The whole listing needs to be written out exactly, except for any images.

**Supplied information**
<<<<
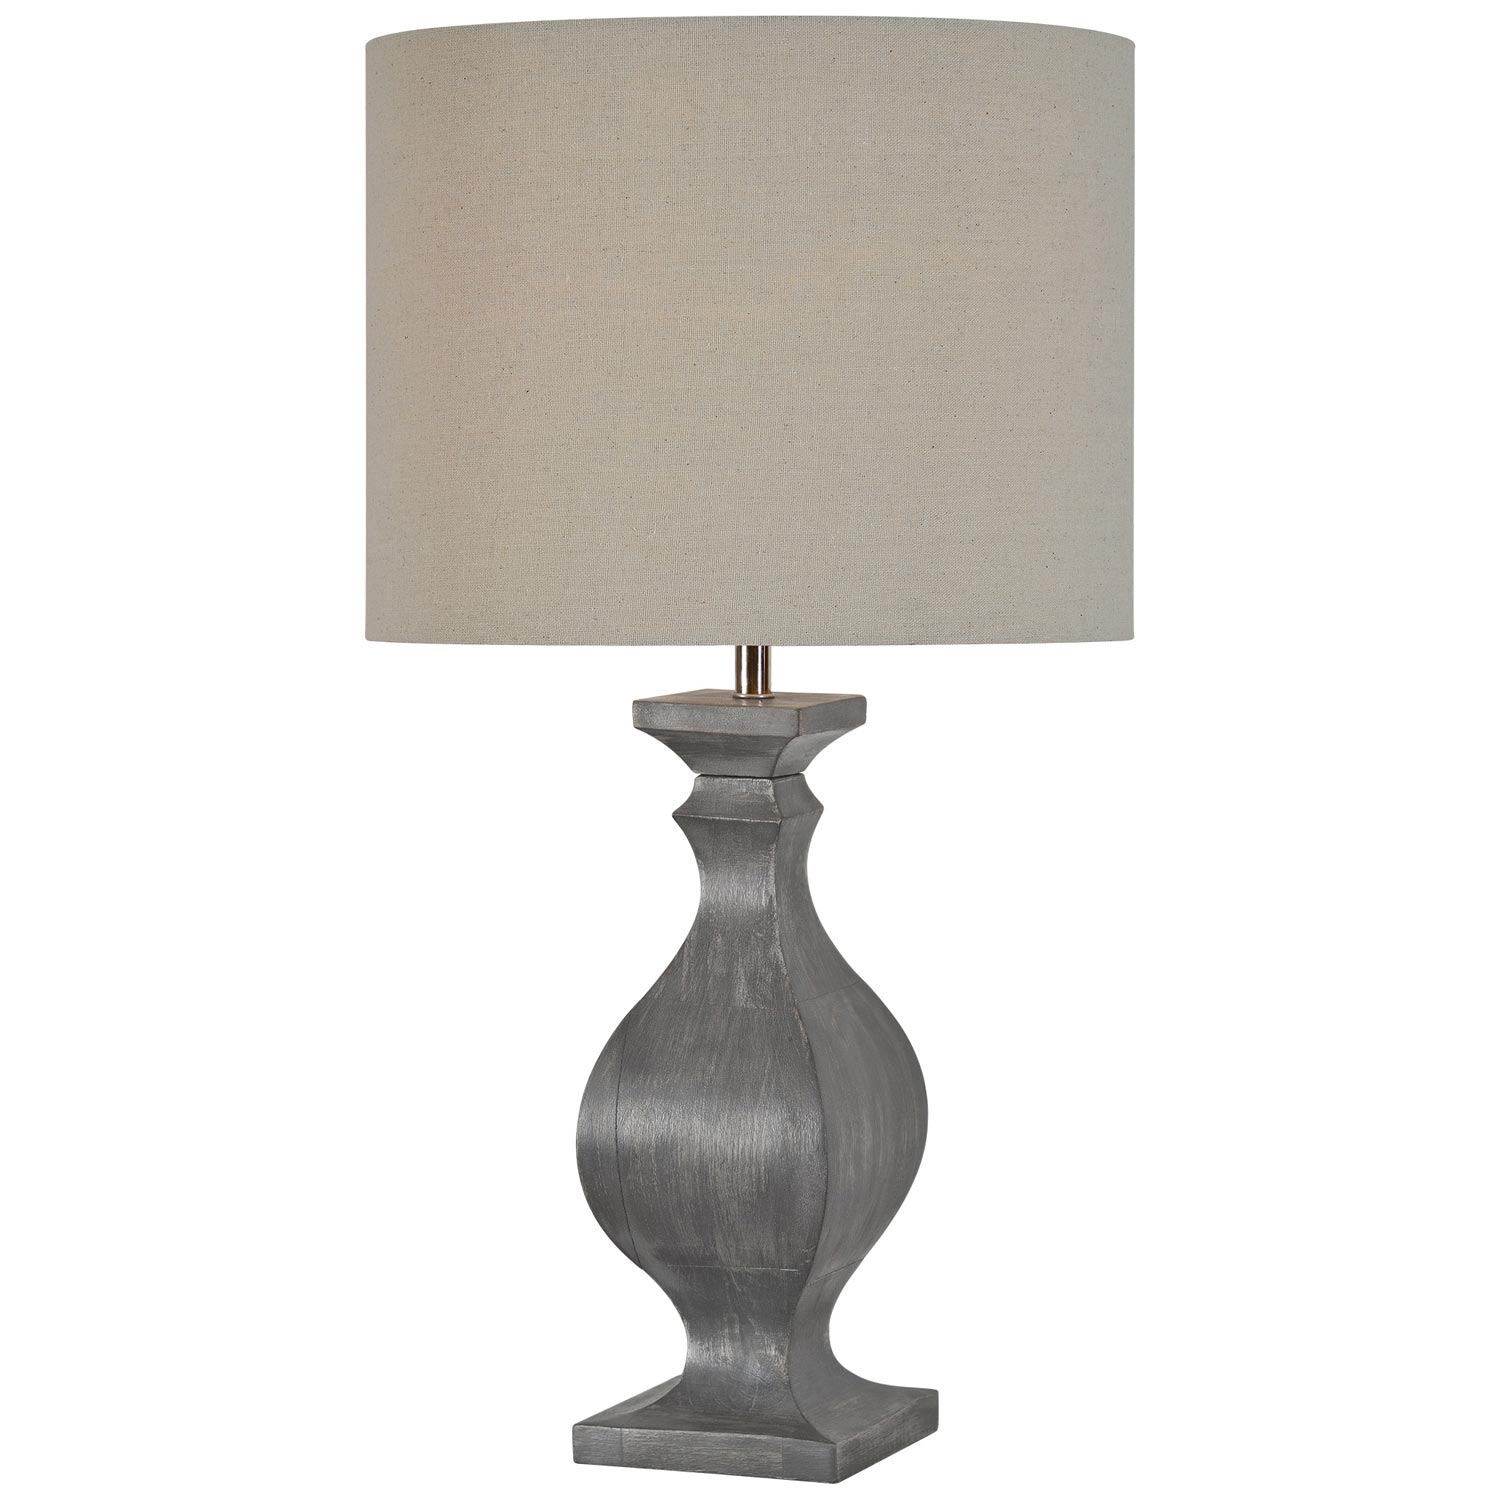 Ren-Wil Durango Table Lamp - Grey Wash
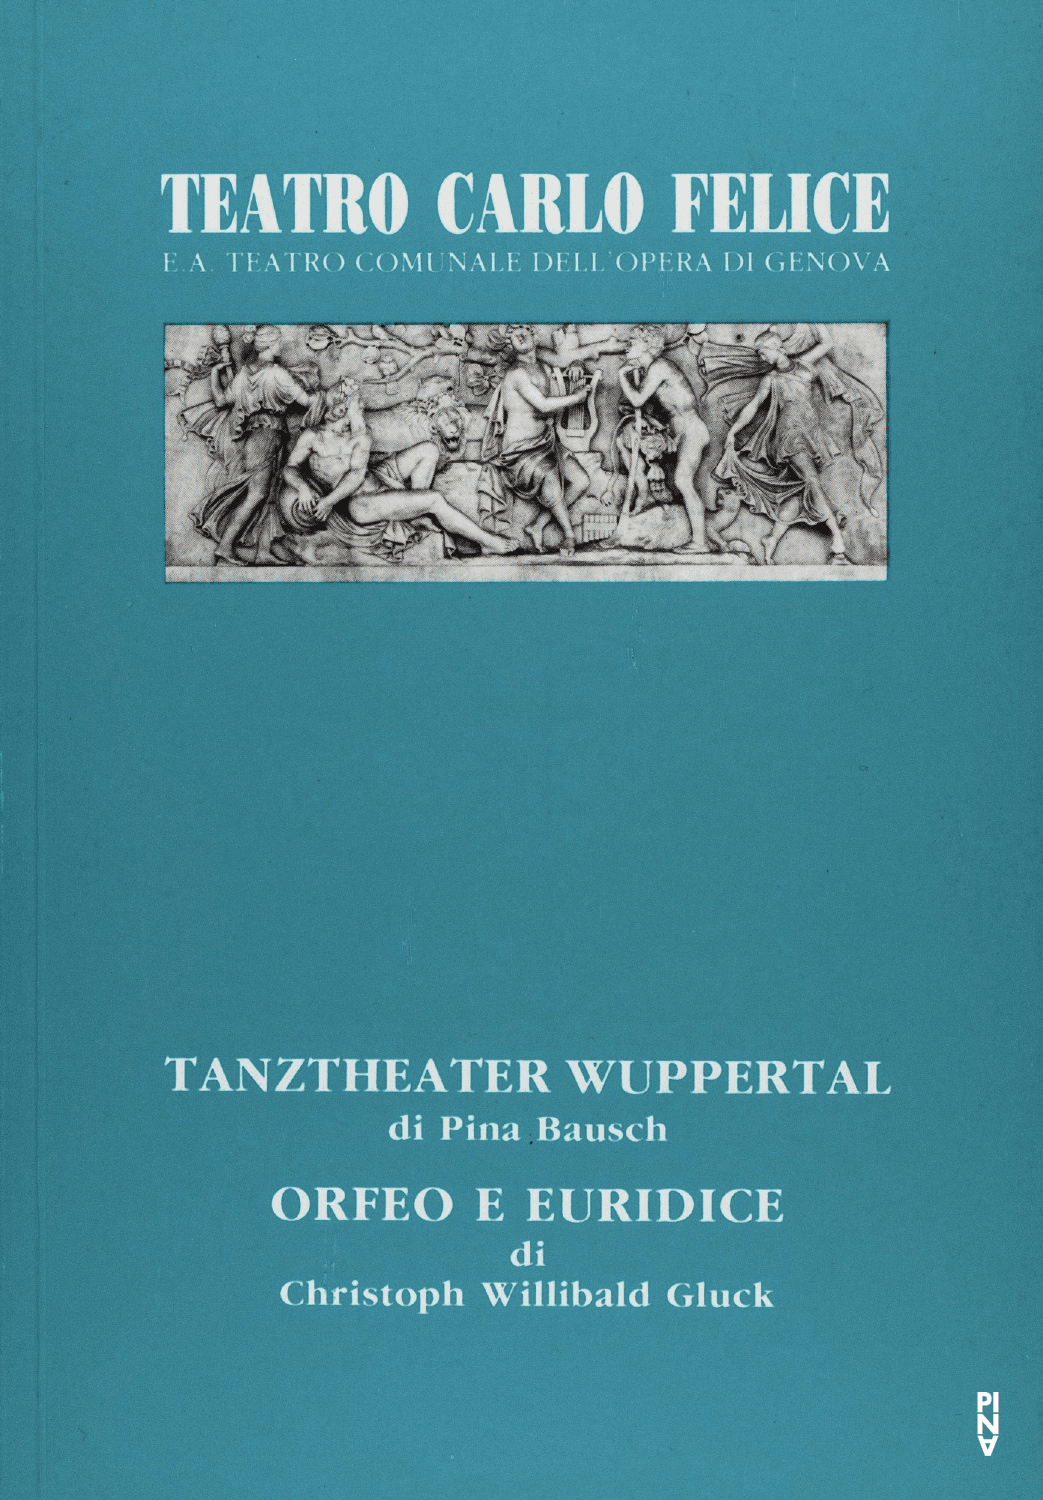 Programme pour « Orpheus und Eurydike » de Pina Bausch avec Tanztheater Wuppertal à Gênes, 7 juil. 1994 – 10 juil. 1994
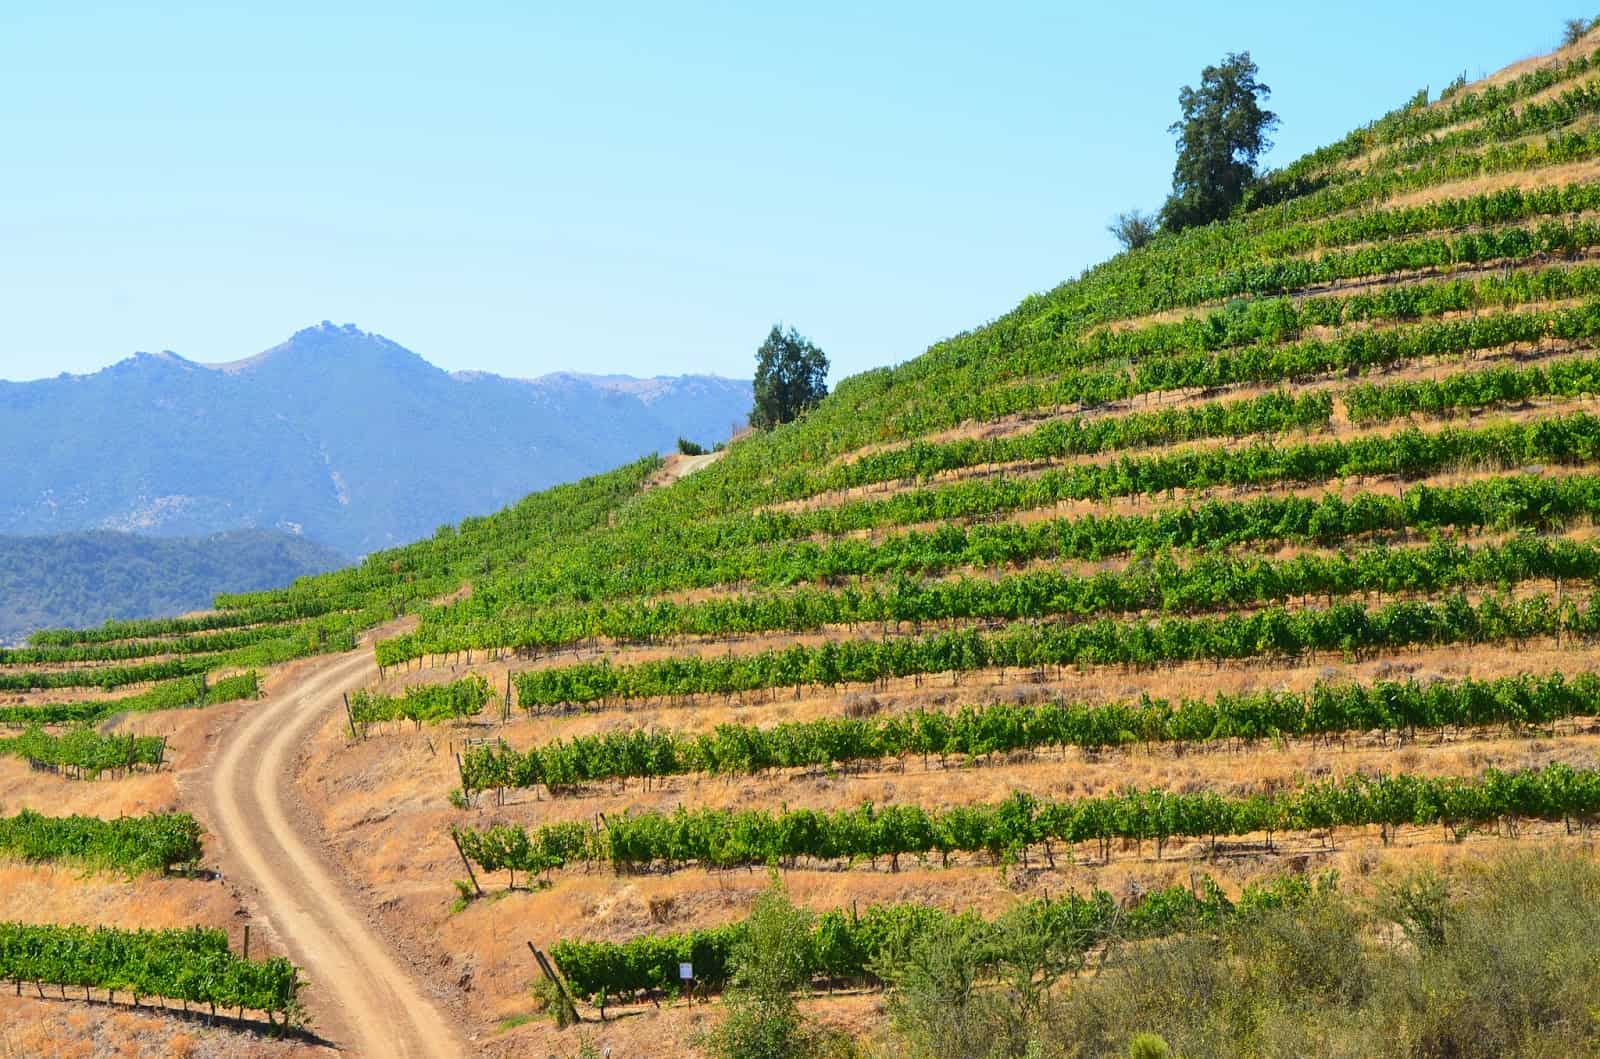 A path through the vineyard at Viña Santa Cruz in Colchagua Valley, Chile
>>>>
**Task solution**
 Ren-Wil Durango Table Lamp - Grey Wash
 Programme pour « Orpheus und Eurydike » de Pina Bausch avec Tanztheater Wuppertal à Gênes, 7 juil. 1994 – 10 juil. 1994
 A path through the vineyard at Viña Santa Cruz in Colchagua Valley, Chile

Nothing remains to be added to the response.